### Input data
*** Begin section ***
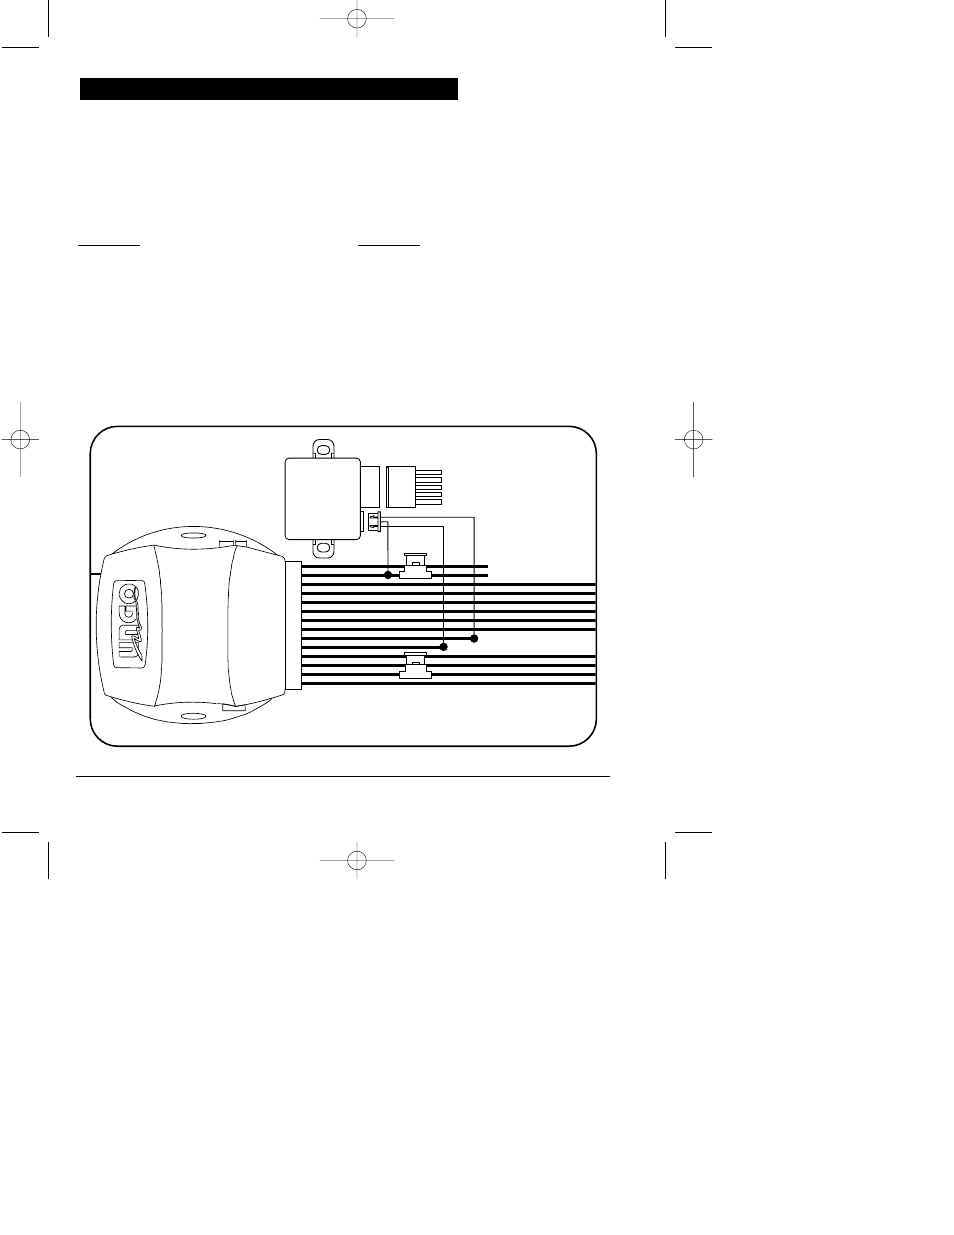 Ungo Car Alarm Wiring Diagram Trusted Diagrams Optional Dlrm Door Lock Relay Module Clarion Ms3001 User K9
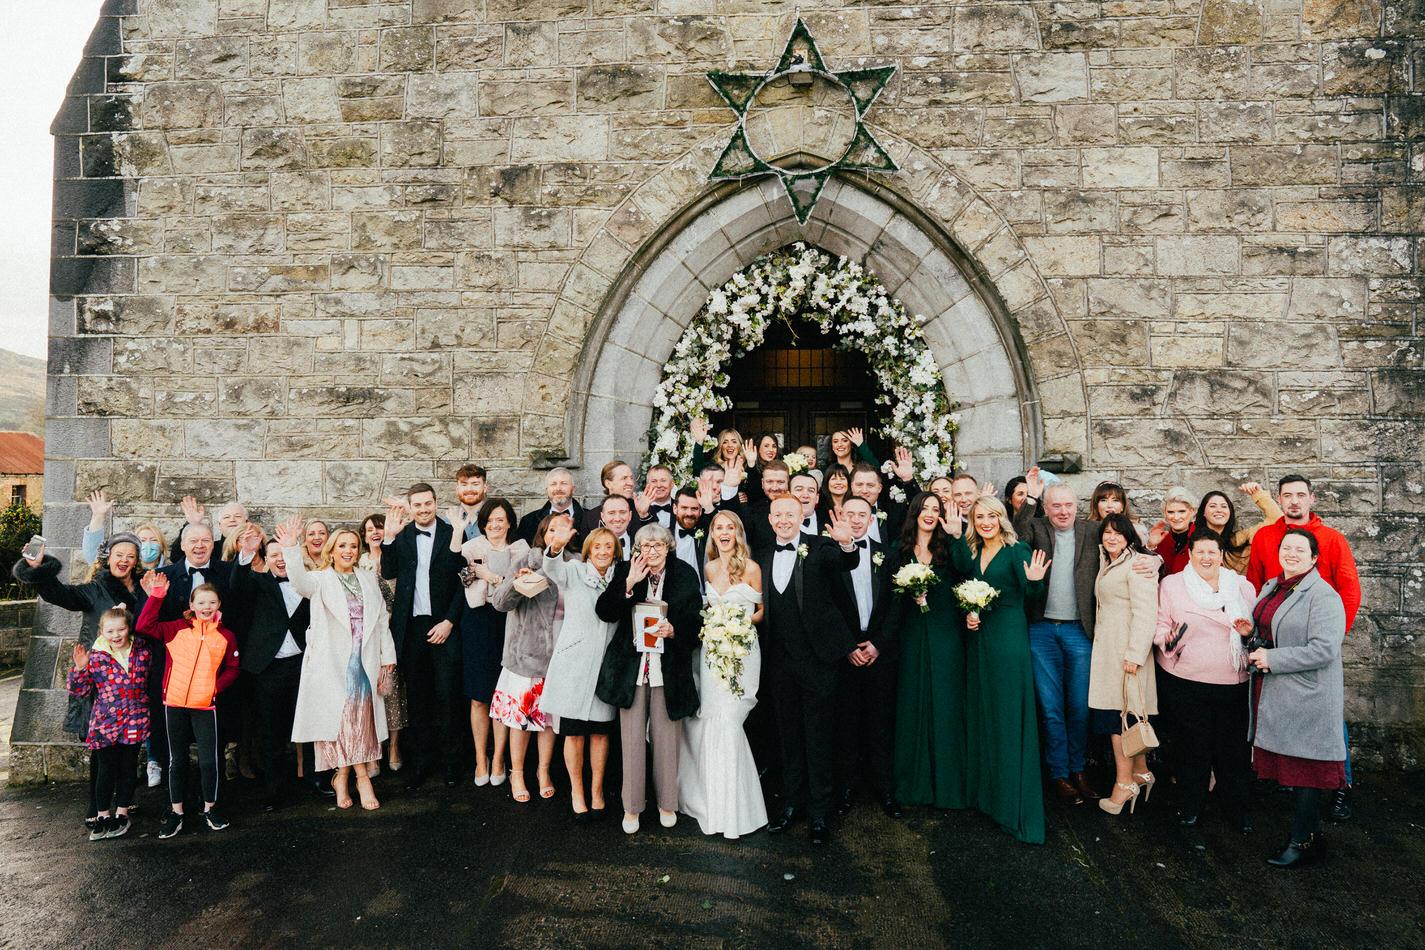 Castle-wedding-ireland-photos- 0171 120
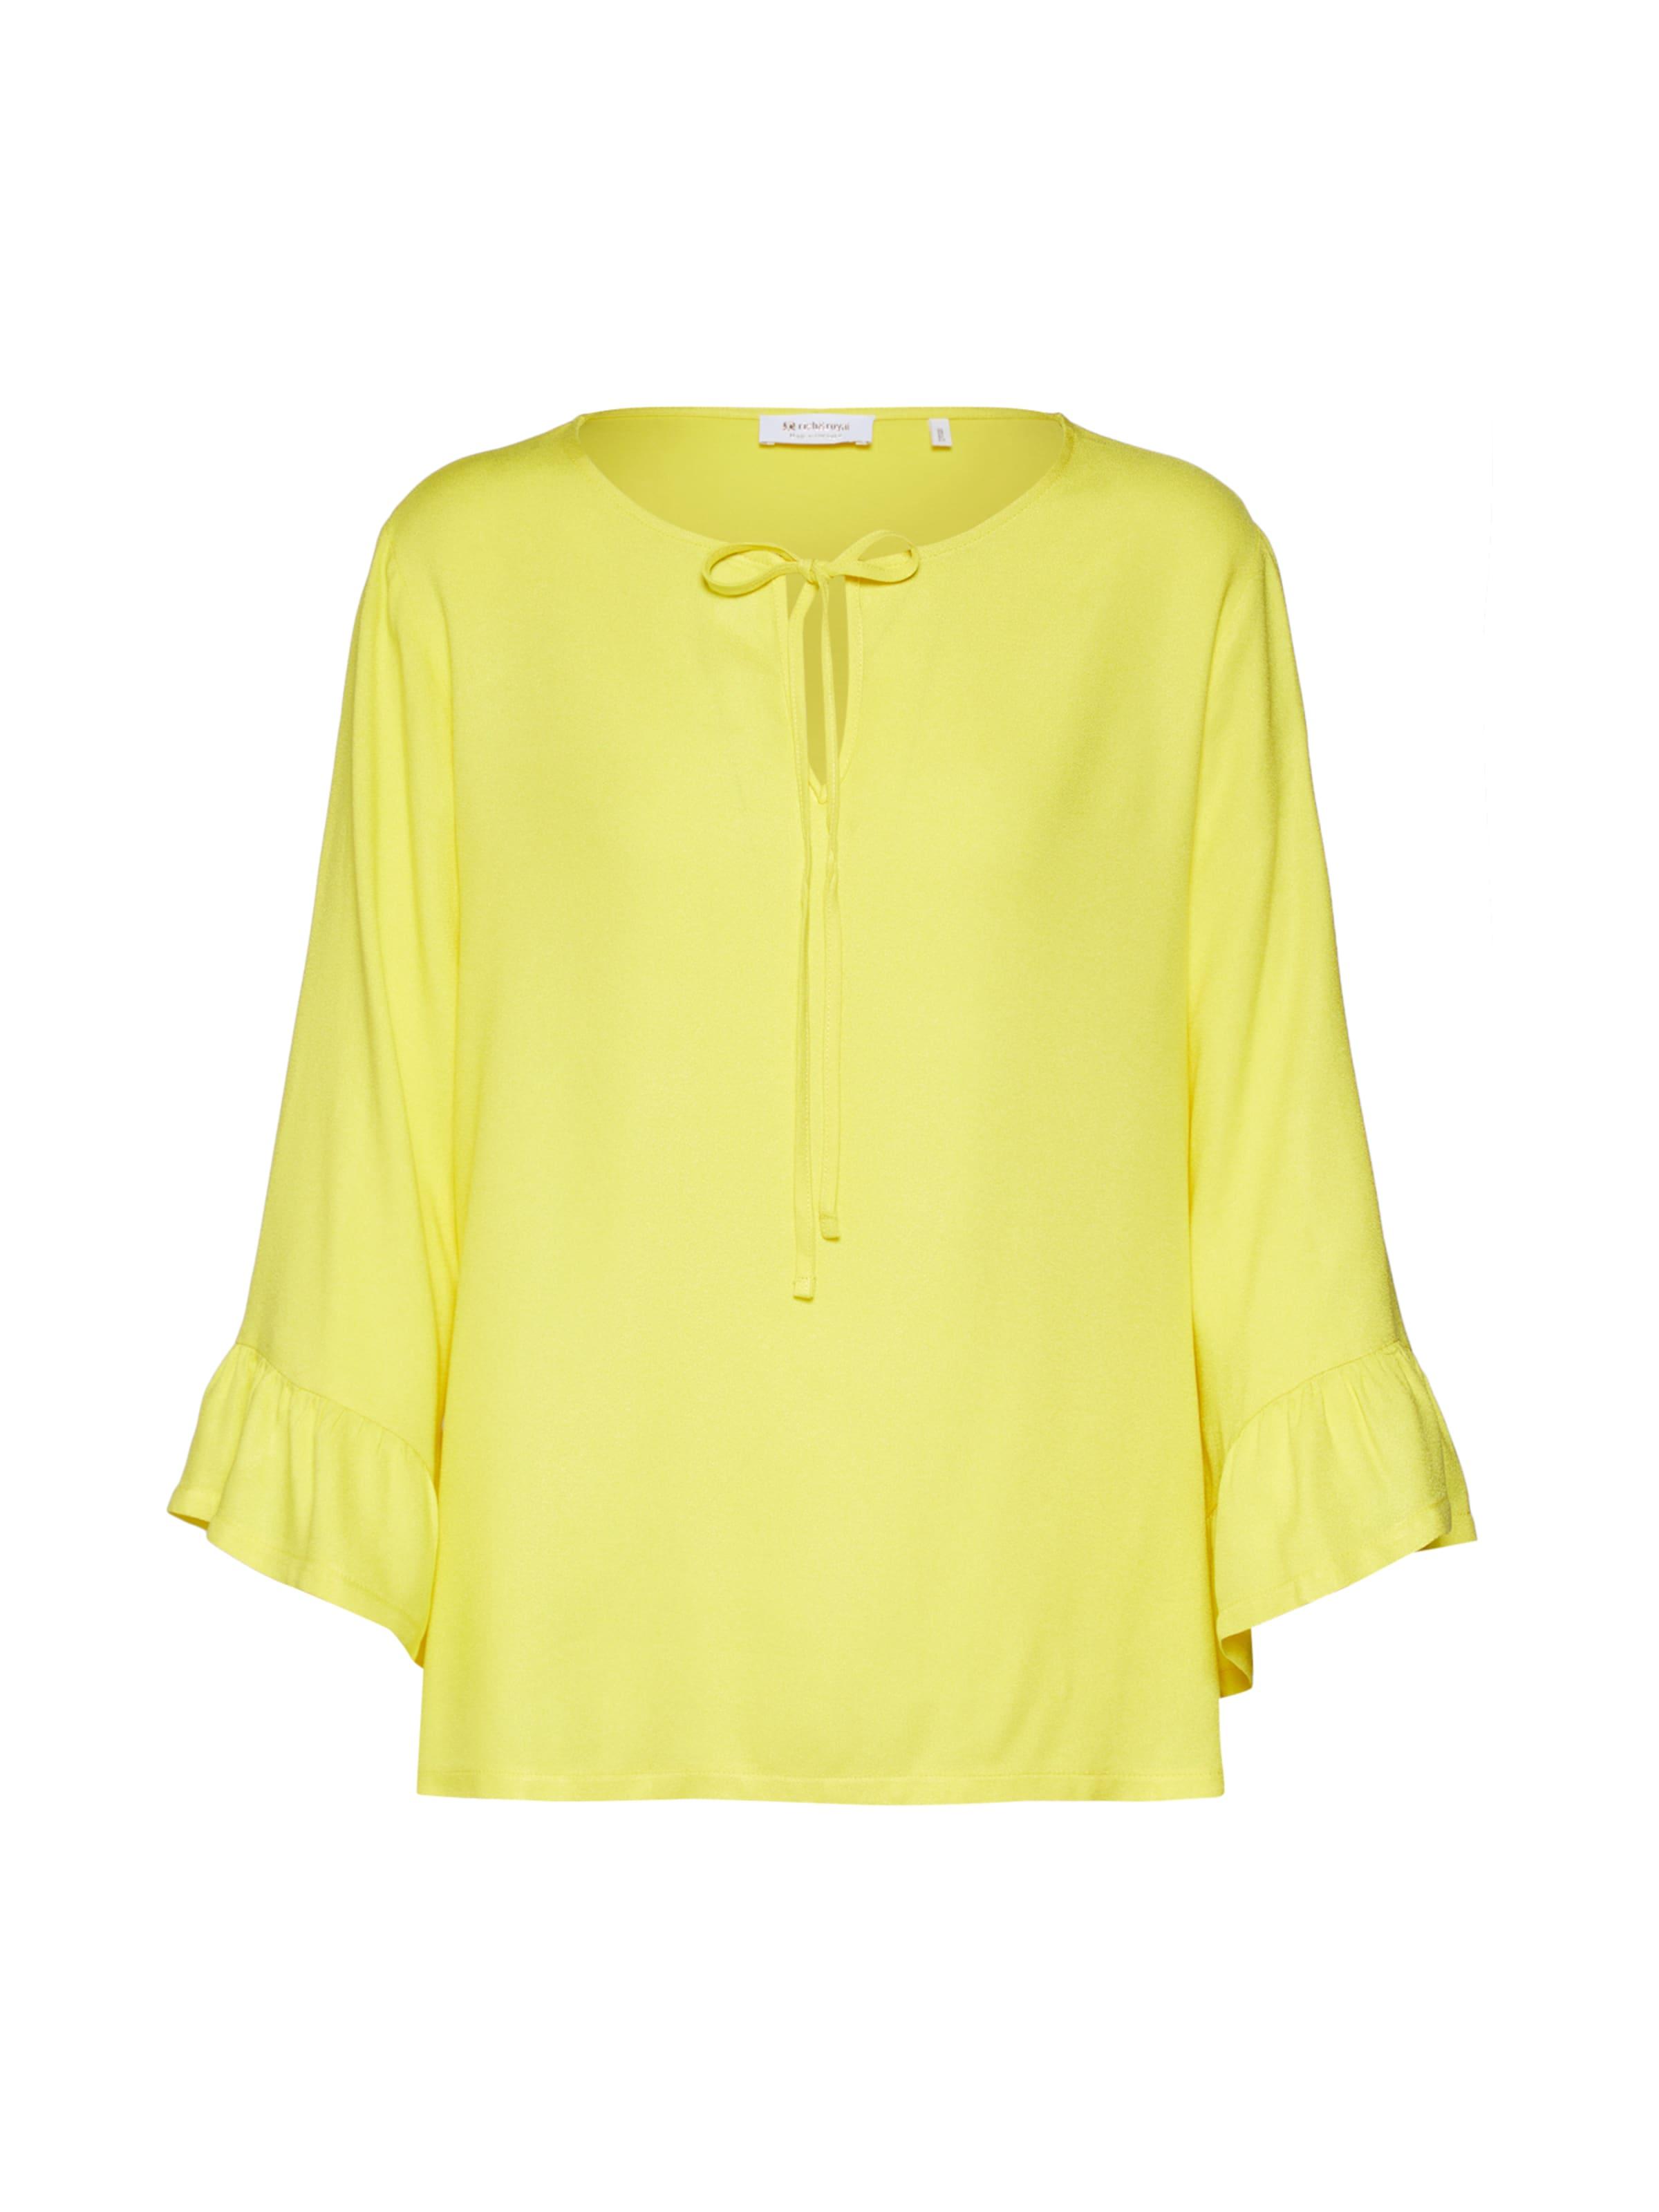 Royal Royal Gelb Royal Bluse In Bluse Bluse Richamp; In Richamp; Gelb Richamp; In 8nyP0wvmNO
*** End section ***
### Problem description
Would it be possible to give the material above again exactly, with the pictures left out?

### Answer box
 Ungo Car Alarm Wiring Diagram Trusted Diagrams Optional Dlrm Door Lock Relay Module Clarion Ms3001 User K9
 Castle-wedding-ireland-photos- 0171 120
 Royal Royal Gelb Royal Bluse In Bluse Bluse Richamp; In Richamp; Gelb Richamp; In 8nyP0wvmNO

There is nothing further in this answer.